Anak-anak di Afrika, Asia, dan Amerika Latin yang bahkan tidak tahu di letak negara Iran atau Israel, akan mati kelaparan dan kedinginan karena keserakahan dan ego para pemimpin di belahan dunia lain. Ini adalah ketidakadilan kosmik yang paling besar. Ekonomi global yang dibangun selama berabad-abad akan hancur lebur dalam hitungan hari, meninggalkan kekacauan yang tidak akan bisa dipulihkan dalam satu generasi.
III. Mandat PBB: Melawan Ego Adidaya demi Kebenaran Absolut
Pertanyaan filosofis yang paling mendasar kini muncul: Bukankah PBB dibentuk untuk menjamin perdamaian dunia?
Piagam PBB adalah kontrak sosial tertinggi umat manusia yang menyatakan bahwa kekuasaan absolut tidak boleh dimiliki oleh satu negara pun, dan bahwa hukum kekuatan harus digantikan oleh kekuatan hukum. Namun, ironi yang menyedihkan terjadi ketika lembaga ini sering kali terlihat lumpuh hanya karena takut berhadapan dengan ego negara adidaya seperti Amerika Serikat.
Ini adalah momen kebenaran. PBB tidak boleh tunduk pada hegemoni atau tekanan politik. PBB harus berani menjadi penjaga Rasio dan Keadilan. Jika PBB membiarkan satu atau dua negara menentukan nasib seluruh umat manusia berdasarkan kepentingan nasional yang sempit, maka organisasi ini telah gagal dalam eksistensinya, dan sejarah akan mencatatnya sebagai saksi bisu atas kematian peradaban.
Kita tidak boleh membiarkan logika kekuatan mengalahkan kekuatan logika. Amerika Serikat, atau negara manapun, tidak memiliki hak ilahi untuk menjadi hakim, juri, dan algojo yang menentukan siapa yang hidup dan siapa yang mati. Kedaulatan setiap negara harus dihormati, namun di atas segalanya, ada Hukum Kemanusiaan Universal yang tidak boleh dilanggar oleh siapapun.

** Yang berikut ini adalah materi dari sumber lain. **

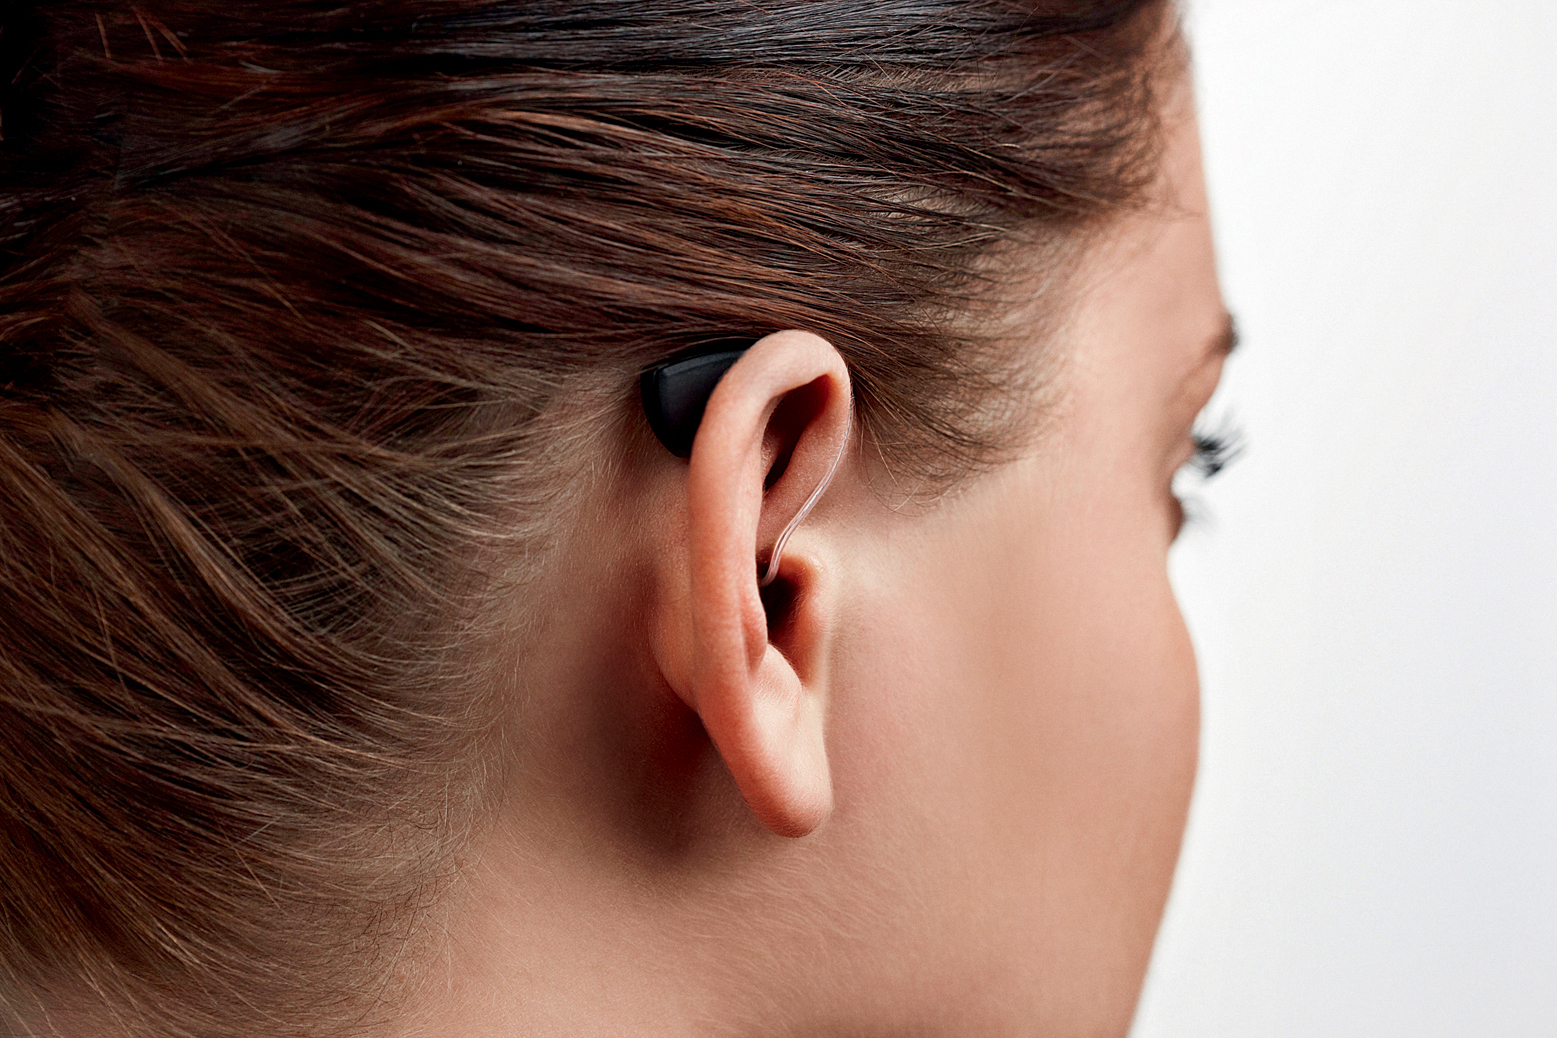 Ear hearing. Слуховой аппарат. Девушка со слуховым аппаратом. Слуховые аппараты в виде сережки.

IV. Kesimpulan: Pilihan Antara Kebijaksanaan dan Kepunahan
Oleh karena itu, seruan ini adalah seruan akal budi dan nurani:
PBB HARUS SEGERA MEMANGGIL AMERIKA SERIKAT, ISRAEL, DAN IRAN.
Paksa mereka untuk duduk, berdialog, dan menurunkan tensi. Jangan biarkan api permusuhan memakan seluruh hutan dunia. Gunakan seluruh otoritas moral dan politik untuk mencegah pemicuan senjata nuklir yang akan menjadi awal dari akhir sejarah kita.

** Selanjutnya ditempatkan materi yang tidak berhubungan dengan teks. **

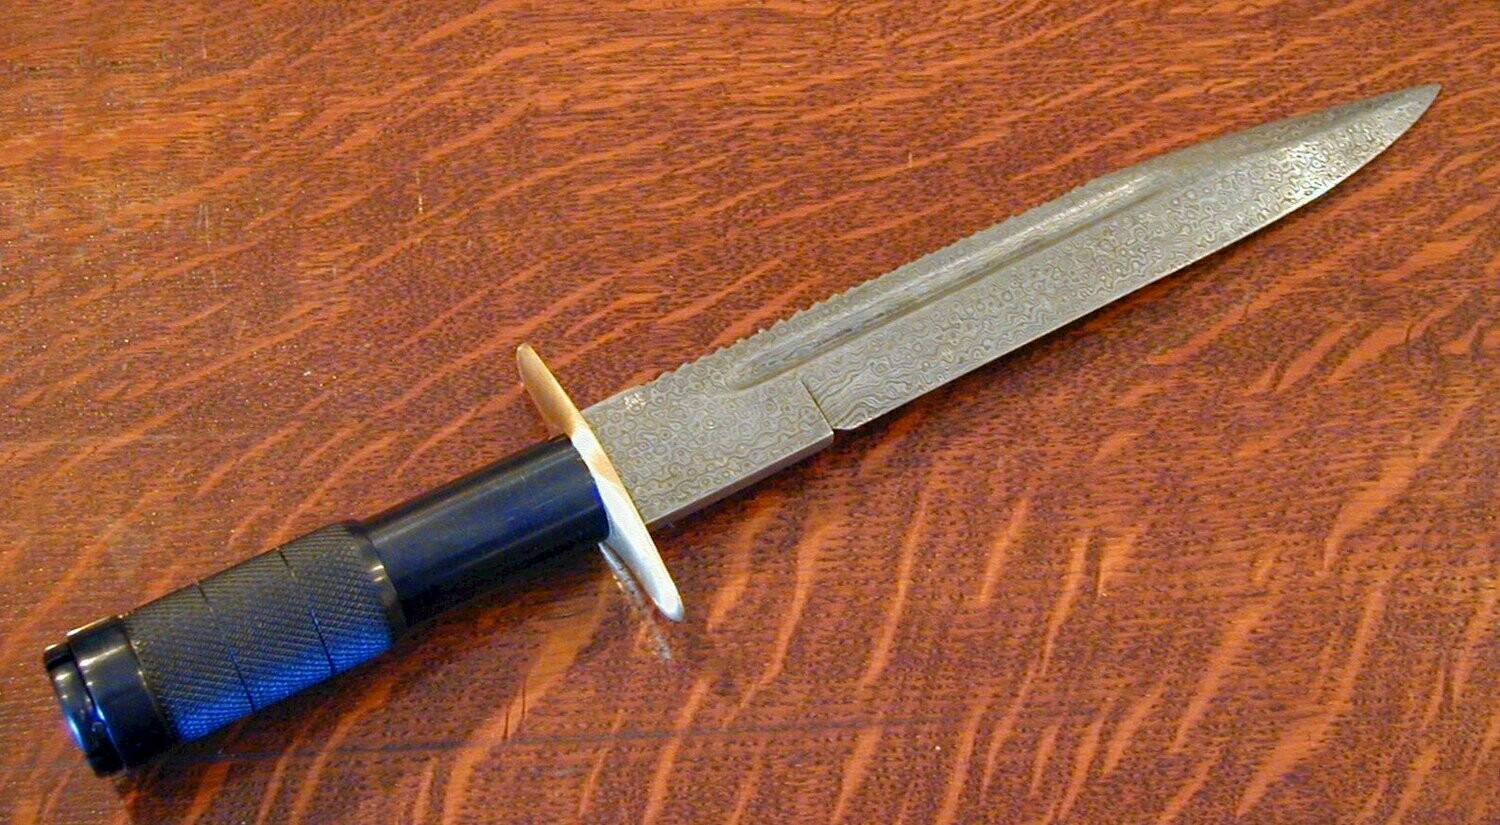 Baldock Spear Knife

Ingatlah, perang dunia ketiga mungkin akan dimulai di Timur Tengah, tetapi apinya akan membakar seluruh planet. Jika kita gagal mencegahnya, maka generasi mendatang tidak akan ada untuk menulis sejarah, karena mereka akan menjadi debu bersama sisa-sisa peradaban yang hancur.
PBB, bangkitlah! Jangan kalah oleh ego. Tunjukkan bahwa perdamaian adalah cita-cita yang lebih kuat daripada ancaman bom. Selamatkan bumi, selamatkan manusia, selamatkan masa depan sebelum terlambat selamanya.